# PROBLEM TO SOLVE
Leave out the pictures and transcribe the rest of the records exactly.

# Dataset items

____

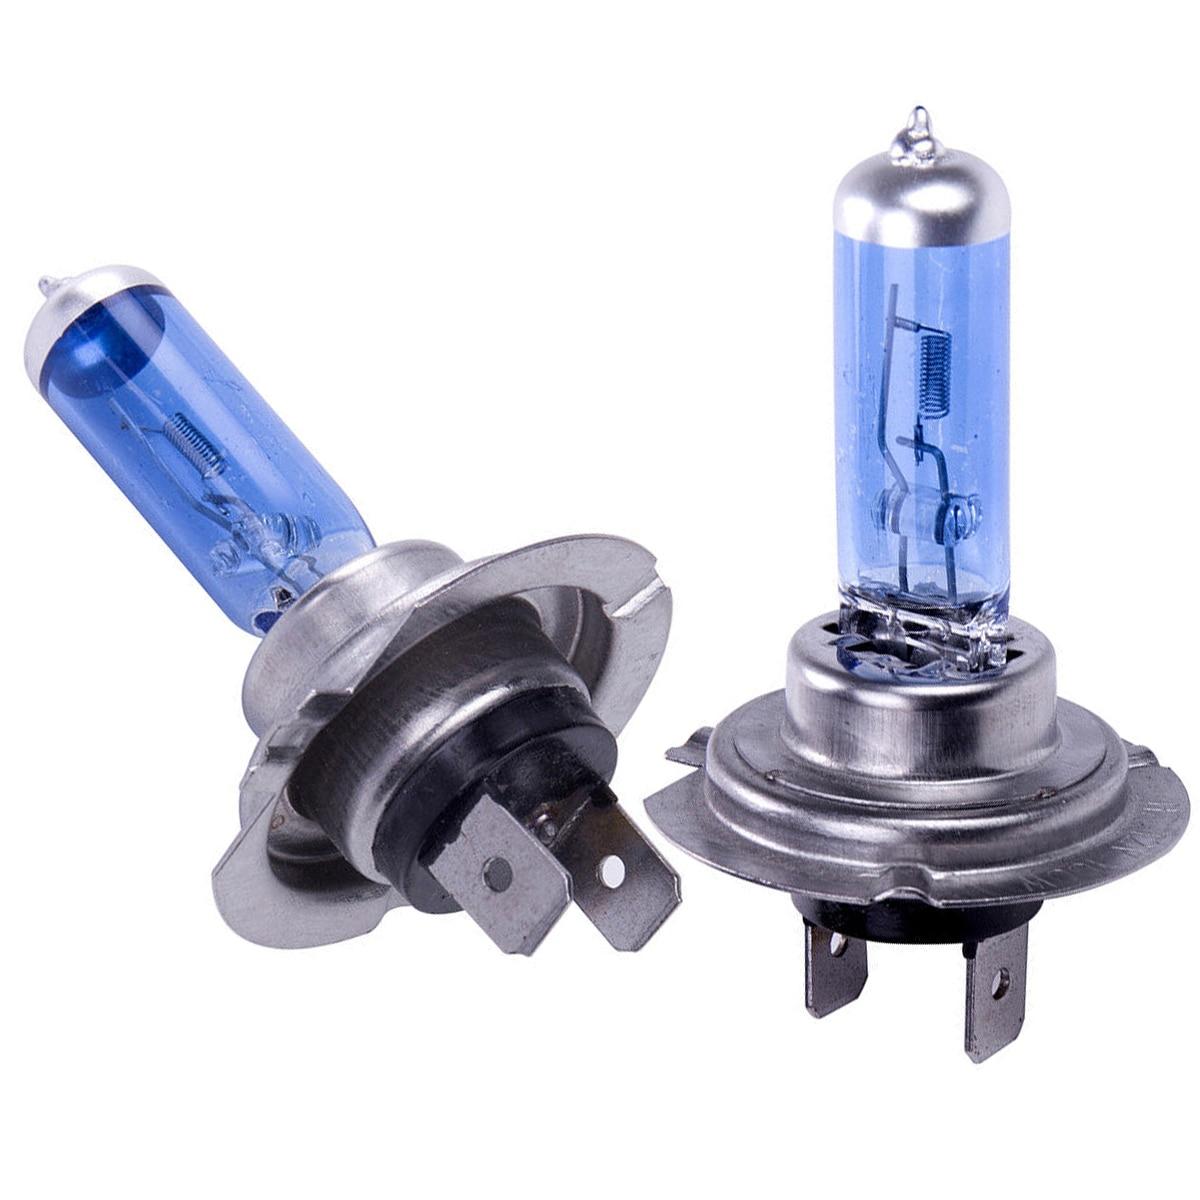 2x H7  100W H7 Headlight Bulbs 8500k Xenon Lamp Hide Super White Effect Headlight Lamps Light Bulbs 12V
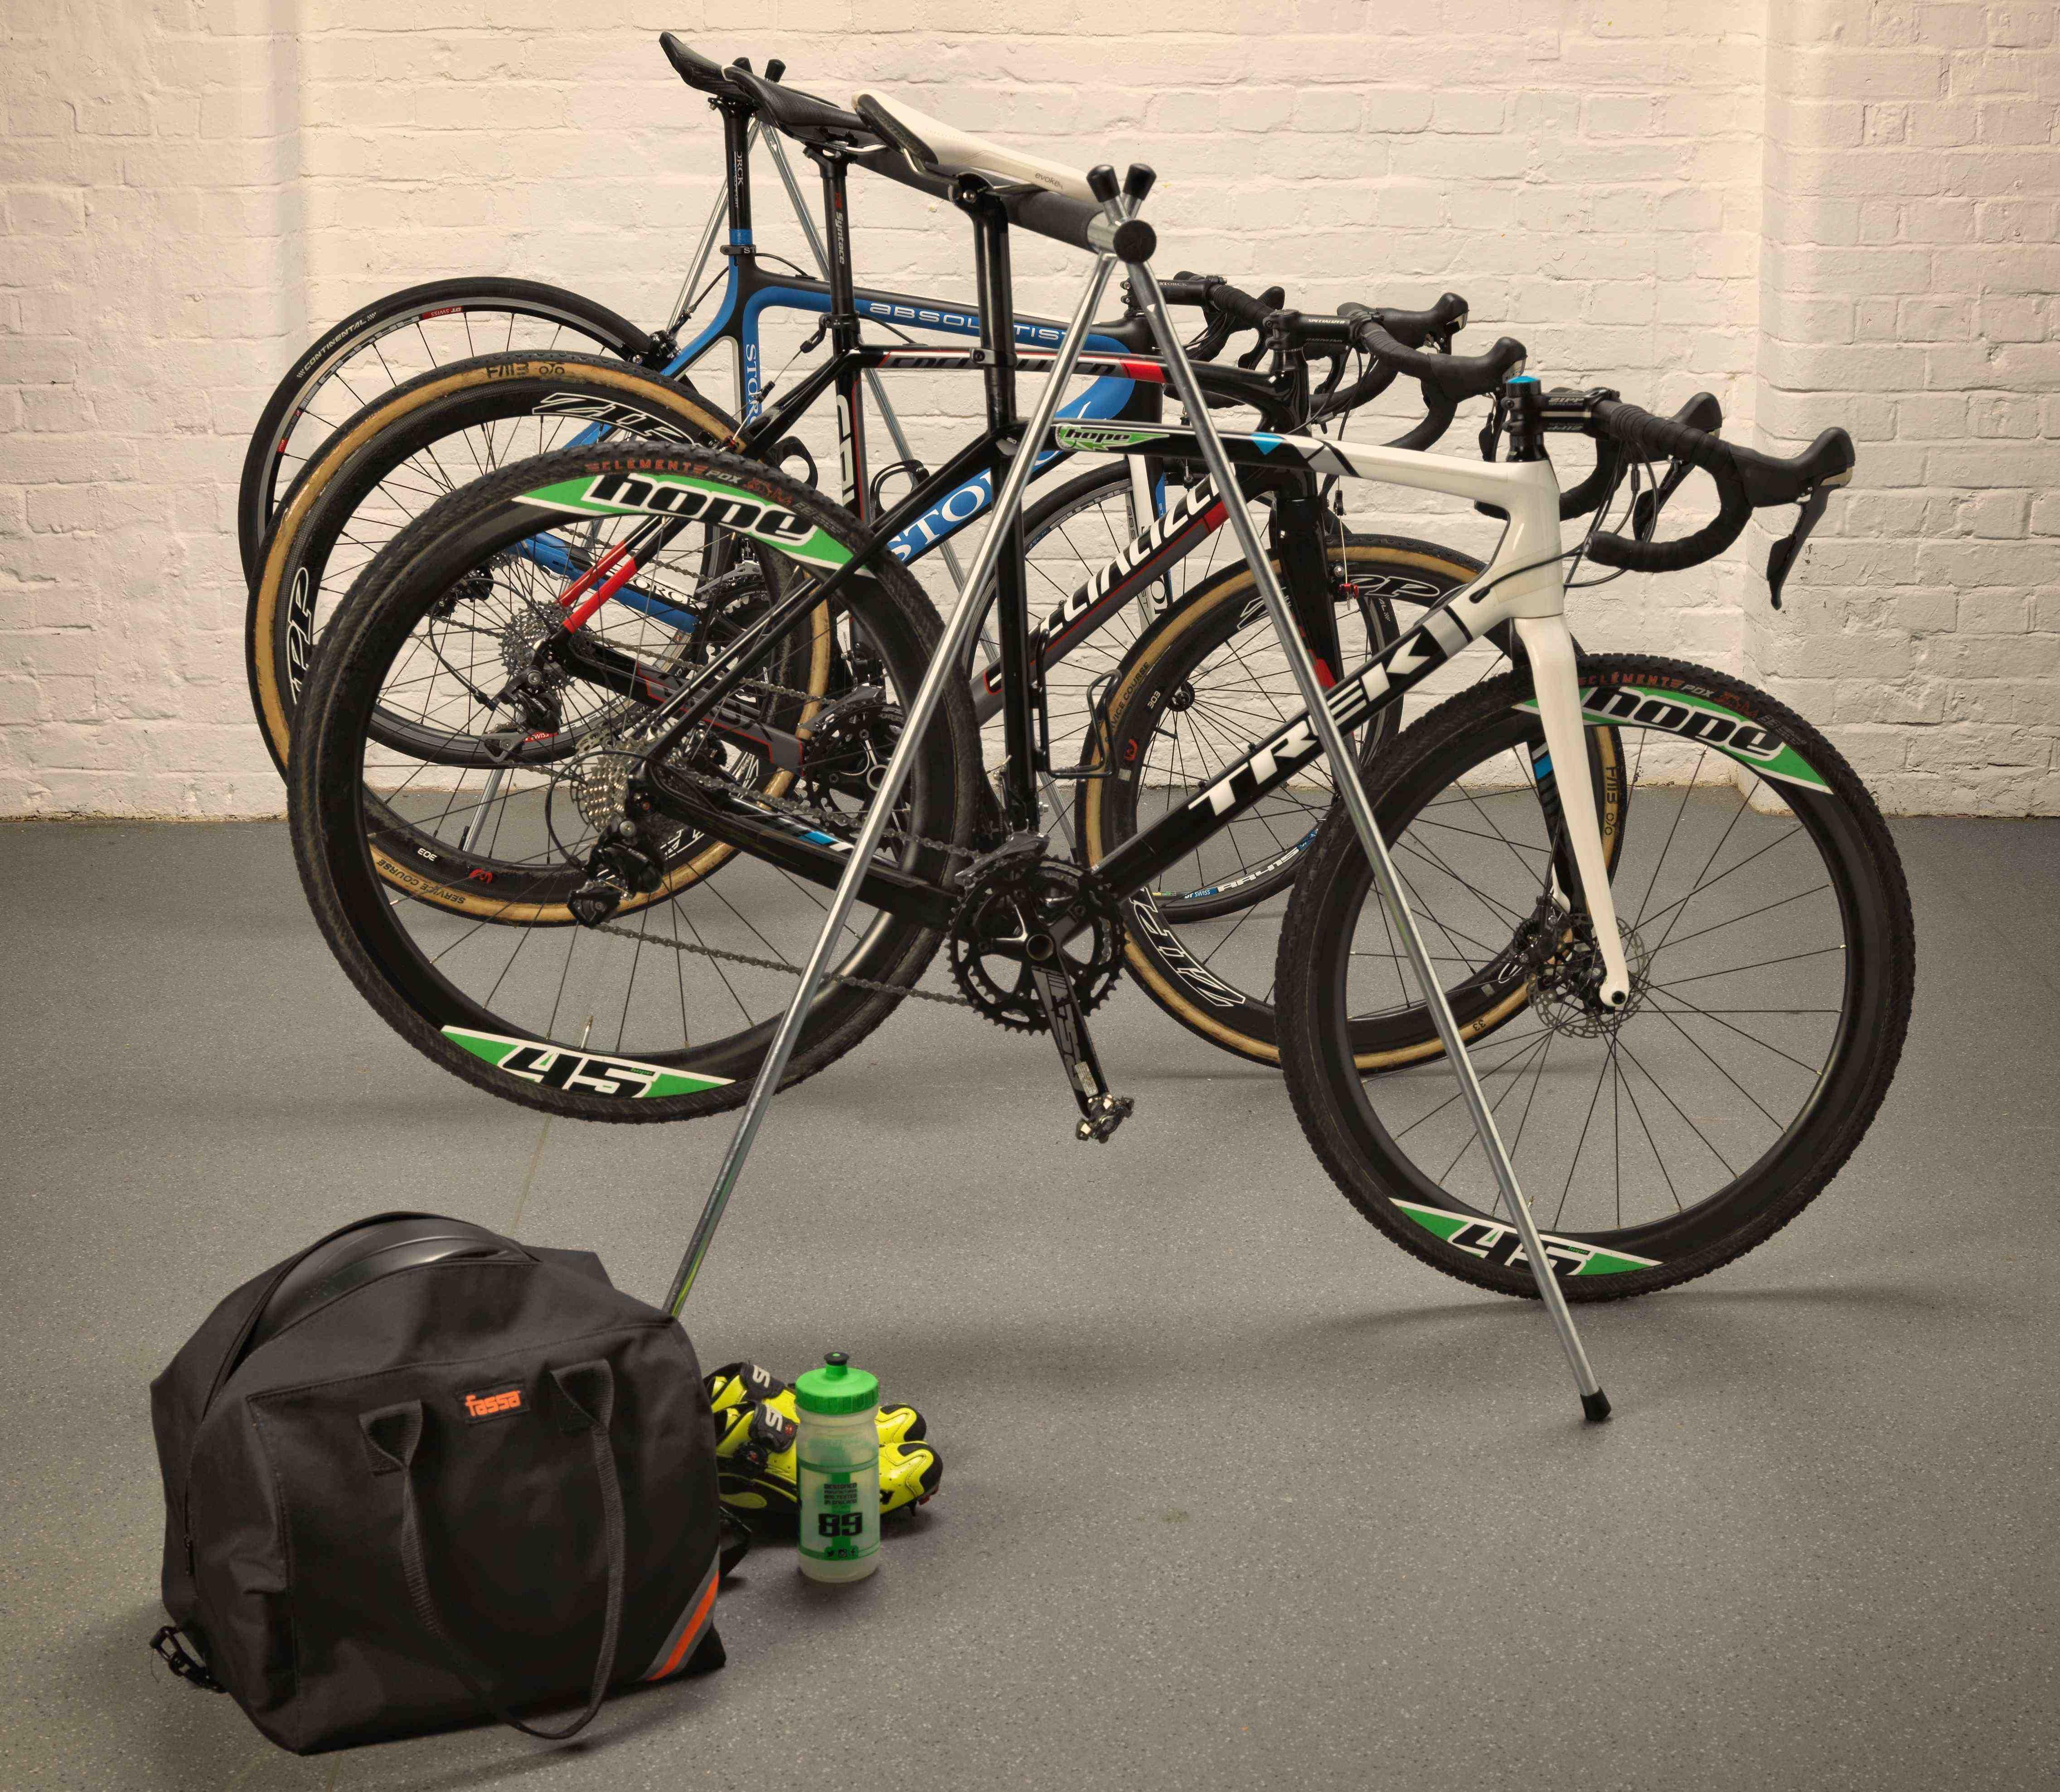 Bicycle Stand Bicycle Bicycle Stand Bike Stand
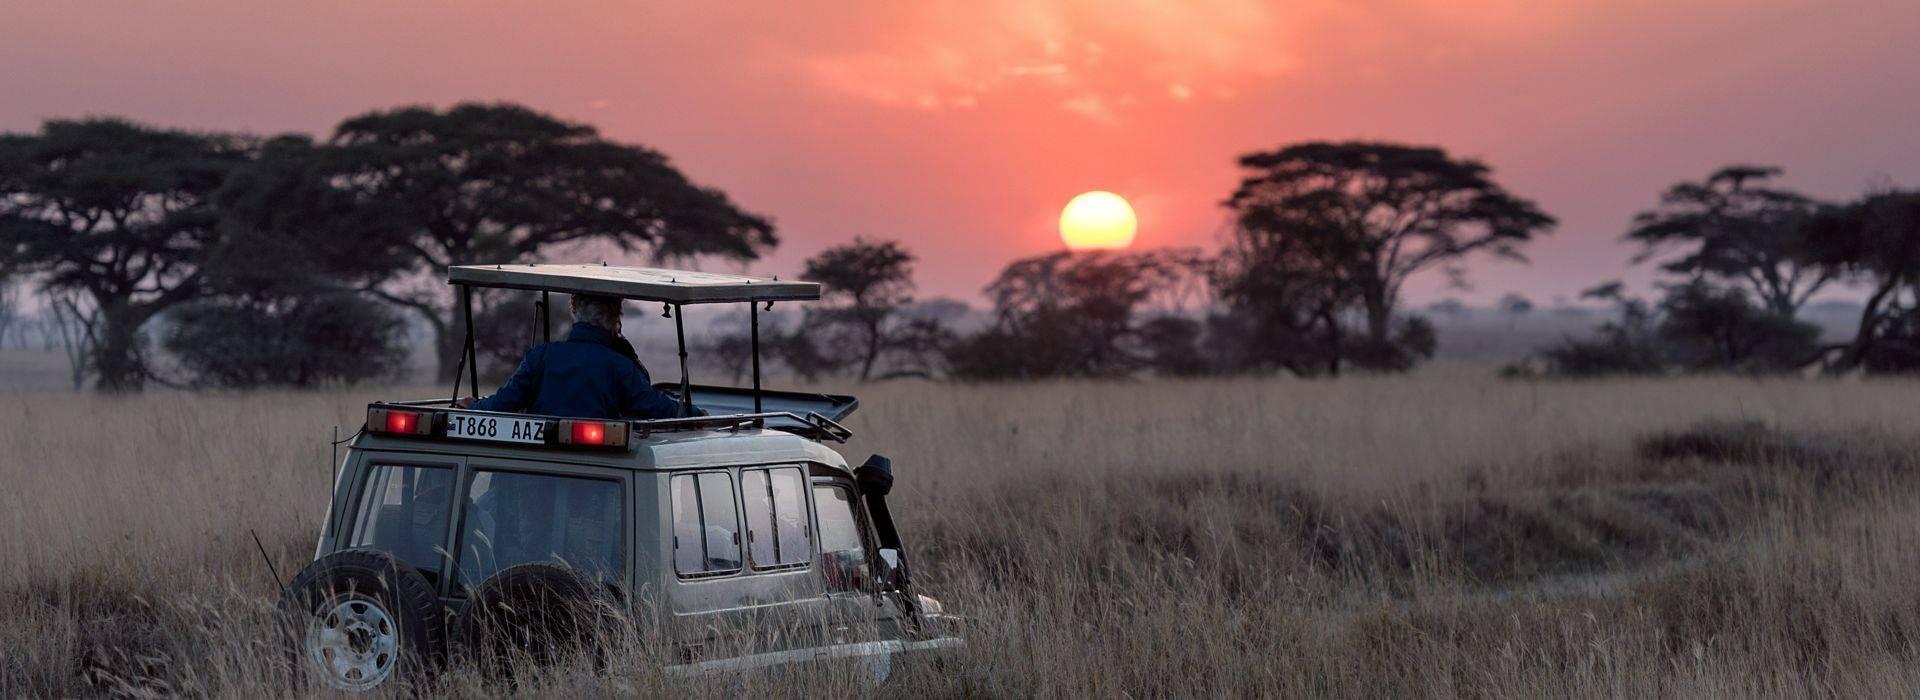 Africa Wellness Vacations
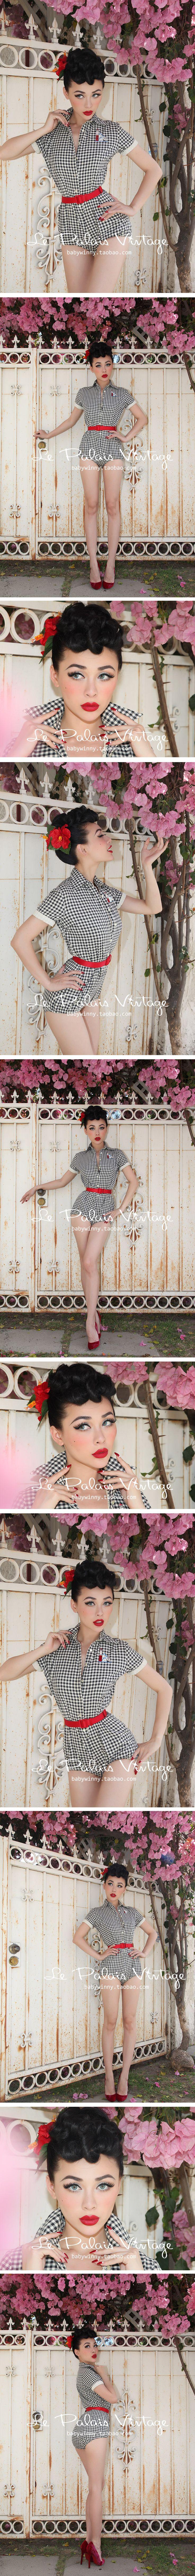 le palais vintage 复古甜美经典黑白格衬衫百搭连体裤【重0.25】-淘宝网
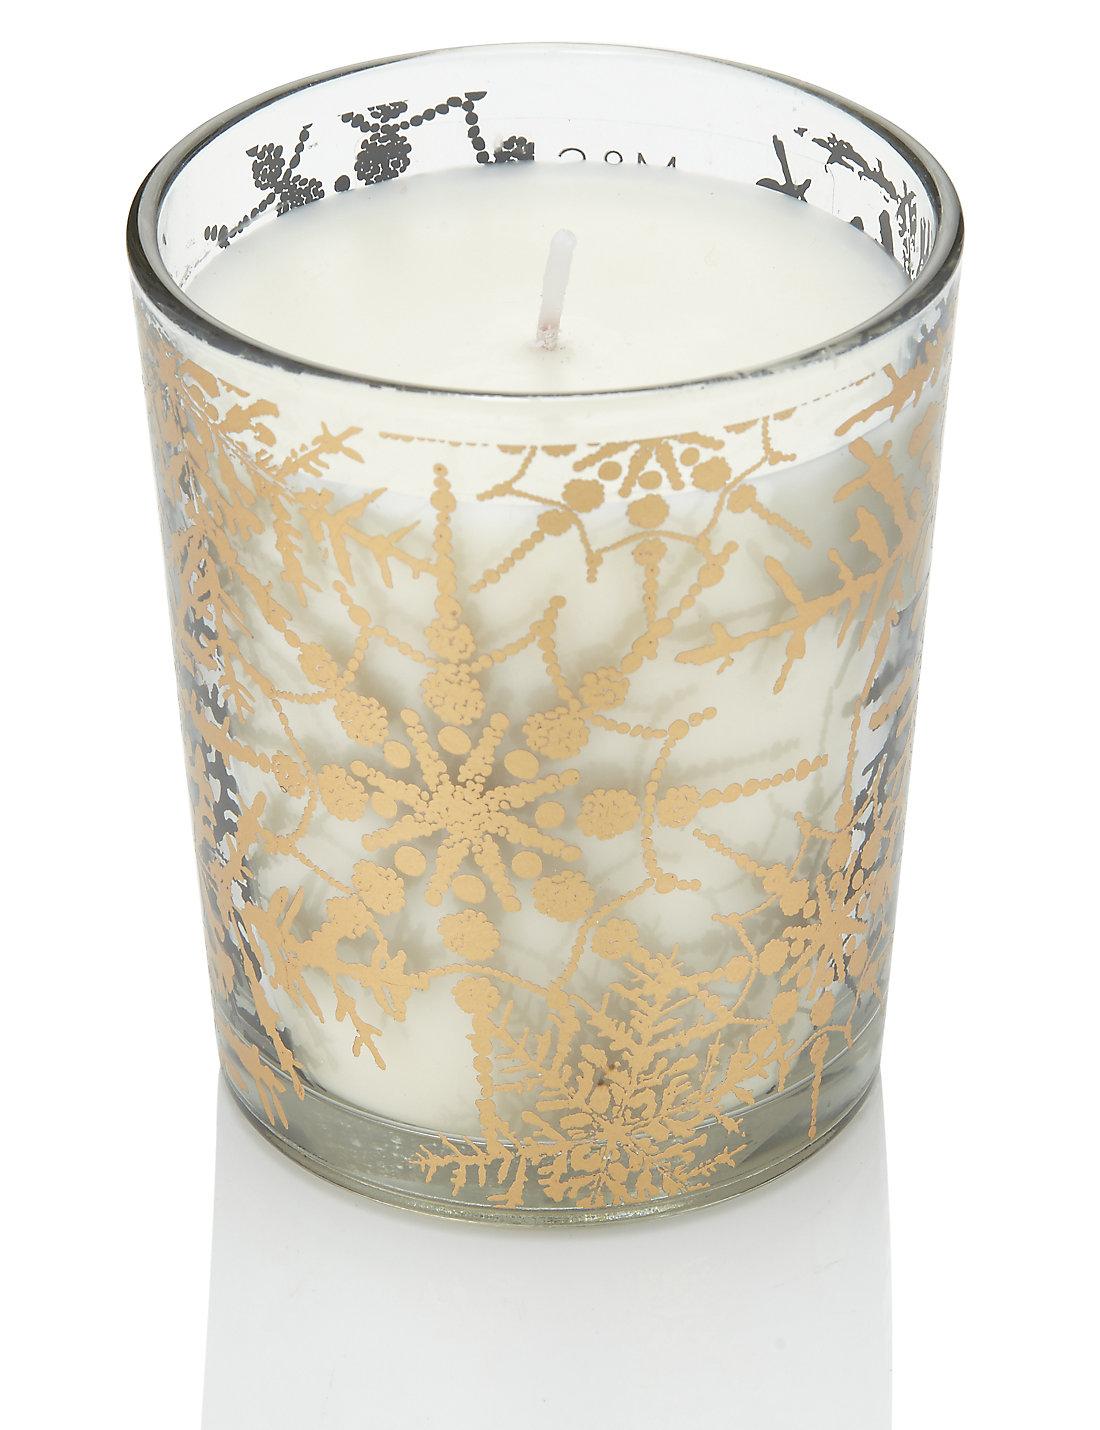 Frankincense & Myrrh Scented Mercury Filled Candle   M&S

____

# RESPONSE AREA
 2x H7  100W H7 Headlight Bulbs 8500k Xenon Lamp Hide Super White Effect Headlight Lamps Light Bulbs 12V
 Bicycle Stand Bicycle Bicycle Stand Bike Stand
 Africa Wellness Vacations
 le palais vintage 复古甜美经典黑白格衬衫百搭连体裤【重0.25】-淘宝网
 Frankincense & Myrrh Scented Mercury Filled Candle   M&S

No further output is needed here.